Squiggly Roads To The Sounds

Mahau Sound

So there we were, loaded up and heading for The Sounds. The Sounds is a lovely big place. I saw somewhere where the coastline of The Sounds is 1400 kms. That’d be a lot of exploring. We’d wanted somewhere not too far from Blenheim, not least because we were well into the afternoon by the time we got away. We’d previously been to Whatamango (past Picton) and Aussie Bay and Anakiwa (all on Queen Charlotte Sound) and Elaine Bay on Pelorous Sound. We were keen for a bit of exploring so decided to head to Portage on Kenepuru Sound. The road is sealed all the way and there is a DoC camp there at Cowshed Bay where we could stay.

Mahau Sound

Mahau Sound from Queen Charlotte Drive

Mahau Sound

Mahau Sound and a nice welcoming sign

How is it that some of the loveliest places have the most ordinary names? Maybe it is a disguise. We once ended up camping at Mutton Cove on the northern Abel Tasman track – north of Totaranui. It was an idyllic beach location but what an awful name.  Cowshed Bay has no cows, nor any sheds of any sort. Only bush and birds and a camp beside the Sound, just around the corner from Portage. Cowshed Bay seems a silly name for another idyllic place.

Angled safety rail

Ross and an angled safety rail that narrows the road in an interesting way

We couldn’t decide whether it was quicker to get to Kenepuru Sound via Picton or Havelock. Access to the Sound is vis Linkwater which sits between Queen Charlotte Sound and Mahakipawa Sound which joins up with Kenepuru Sound which joins up with Pelorous Sound. Both ways to Linkwater have squiggly roads. Most roads in the sounds are squiggly – i.e. are continuous corners. We went via Havelock in the end and were soon onto the twisty bits. From Linkwater we turned off Queen Charlotte Drive and took the road to the north. We were soon over the hill and dropping down to Mahau Sound. It was here that we stopped for a few minutes and discovered a parking area with a sign that said that motorhomes were allowed – with conditions. These signs are a welcome relief from all the “No Motorhomes” ones. Western Bay of Plenty has a similar approach. It is called zoning. Zoning is not a new planning concert but is one that a lot of Councils need to consider with regard to motorhomes and freedom camping.

Cowshed Bay sign

Nothing explained why it got called Cowshed Bay - I guess there once was a cowshed there. Lucky it wasn't the chook run or it'd be called Chookrun Bay?

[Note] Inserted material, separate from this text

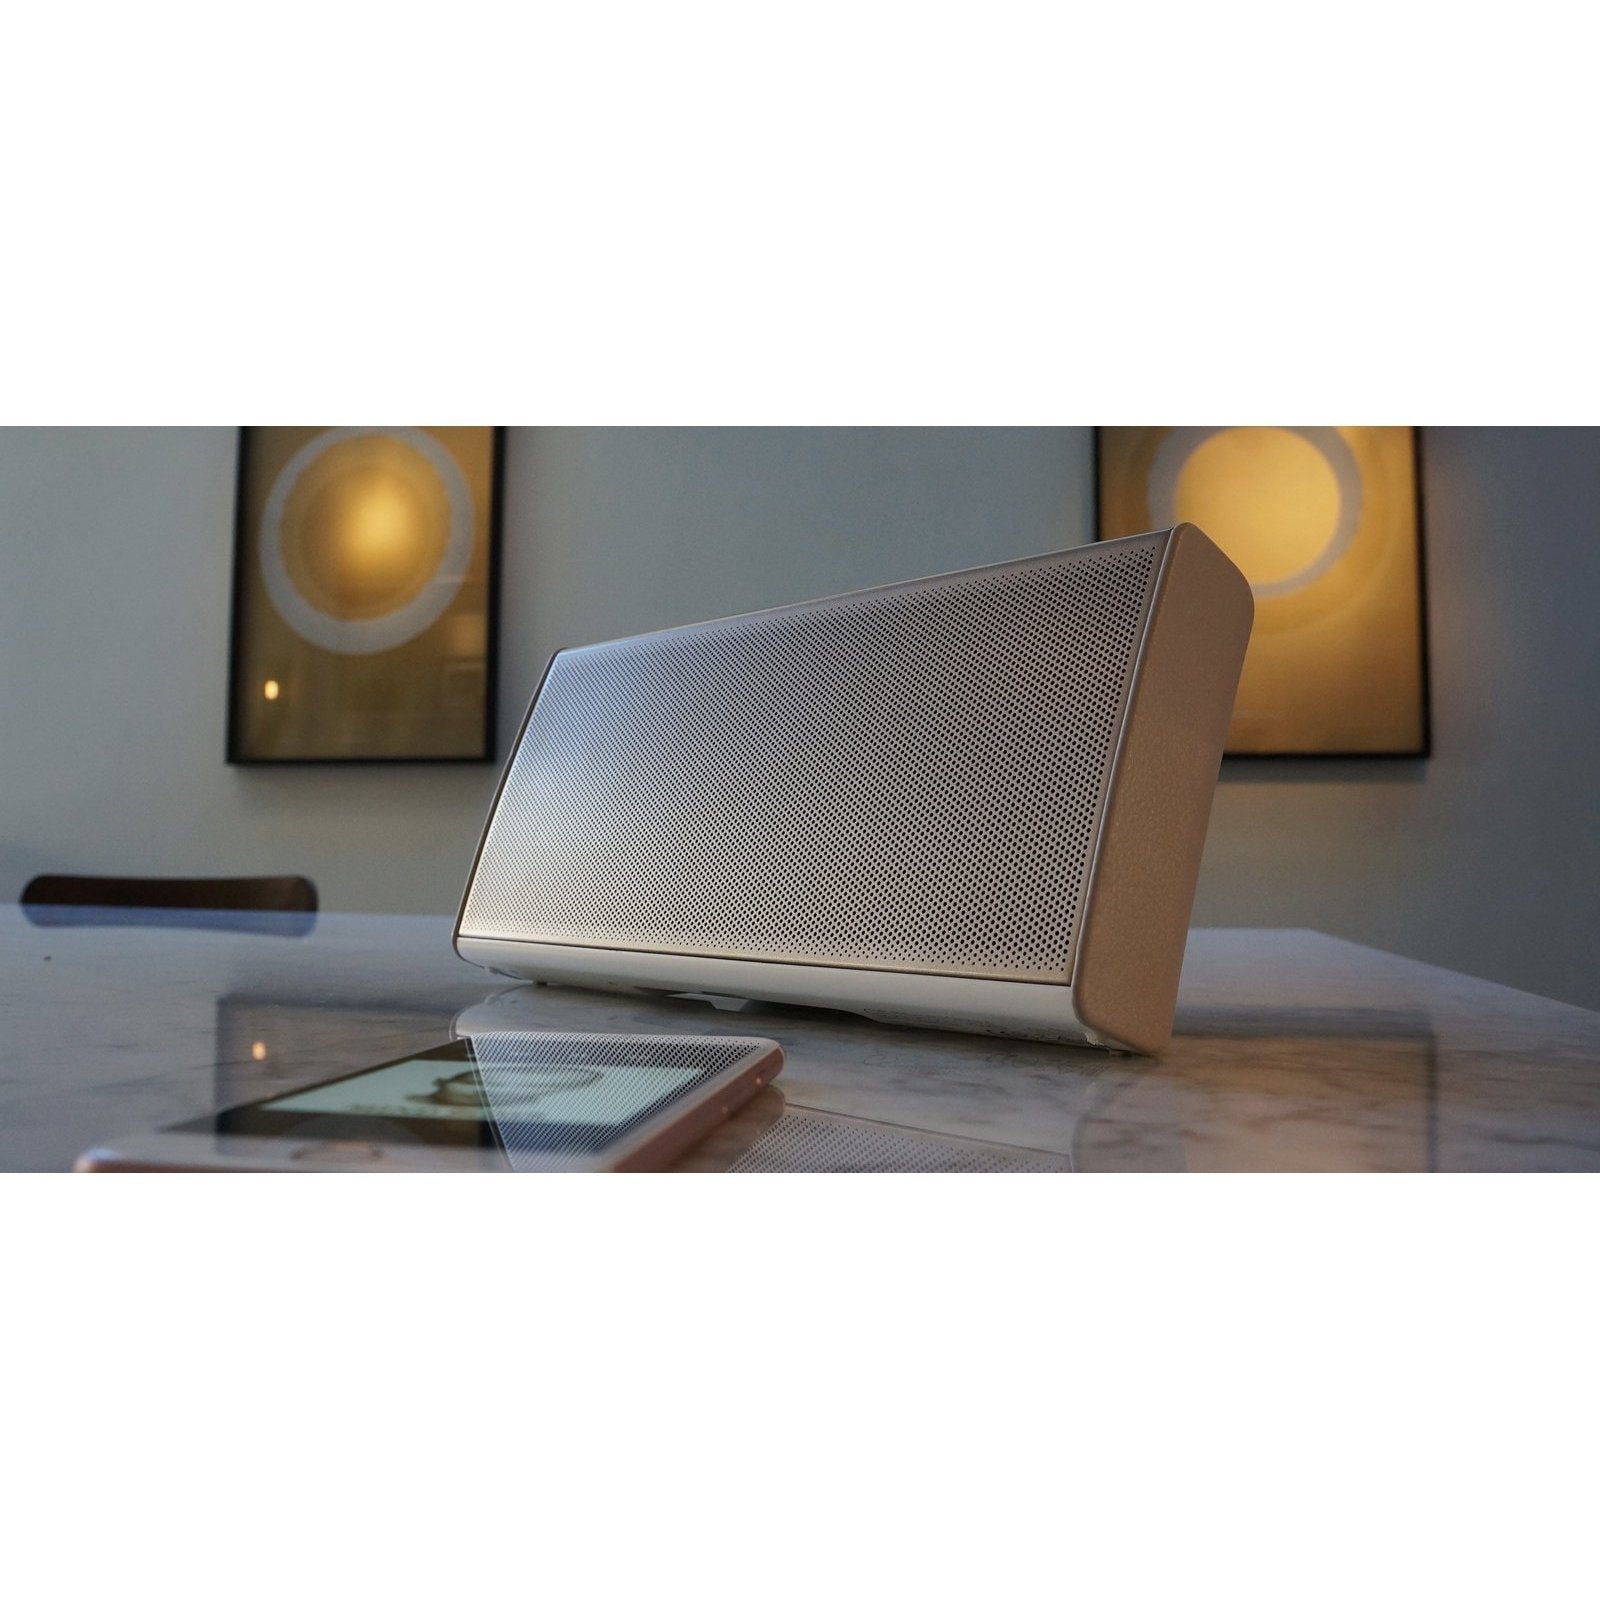 Cambridge Audio - G5 - Premium Bluetooth Speaker Australia

From that point on the road was just a continuous series of corners. It must have been a nightmare to build and would be a nightmare to maintain. It is mostly wide enough but there are lots of blind hairpin bends where you’re happy to not encounter something big coming the other way. Plus they have a strange practice of building angled guard rails on the inside corners. These end up with the angled part projecting right to the edge of the tar seal at the apex. It is disconcerting in a long wheelbase truck because it has the effect of dramatically narrowing the corner. It requires driving further through the corner before turning to avoid clipping the rail. I sort of got used to it but quick glimpses in the mirror looked like we were missing some by only a foot or so.

Suzi at Cowshed Bay

Suzi at Cowshed Bay camp

It is a dramatic drive – all the way. A small saddle leads from Mahau Sound over to Broughton Bay on Kenepuru Sound and from there the road squiggles east through Te Mahia to Portage and beyond – far beyond. The road goes through the DoC camp at Cowshed Bay and we pulled off there. We found a level park only a few metres from the water’s edge and were soon sorted out and settled down. At last we could relax and relax we did. It was going to be a great way to unwind after a busy couple of weeks.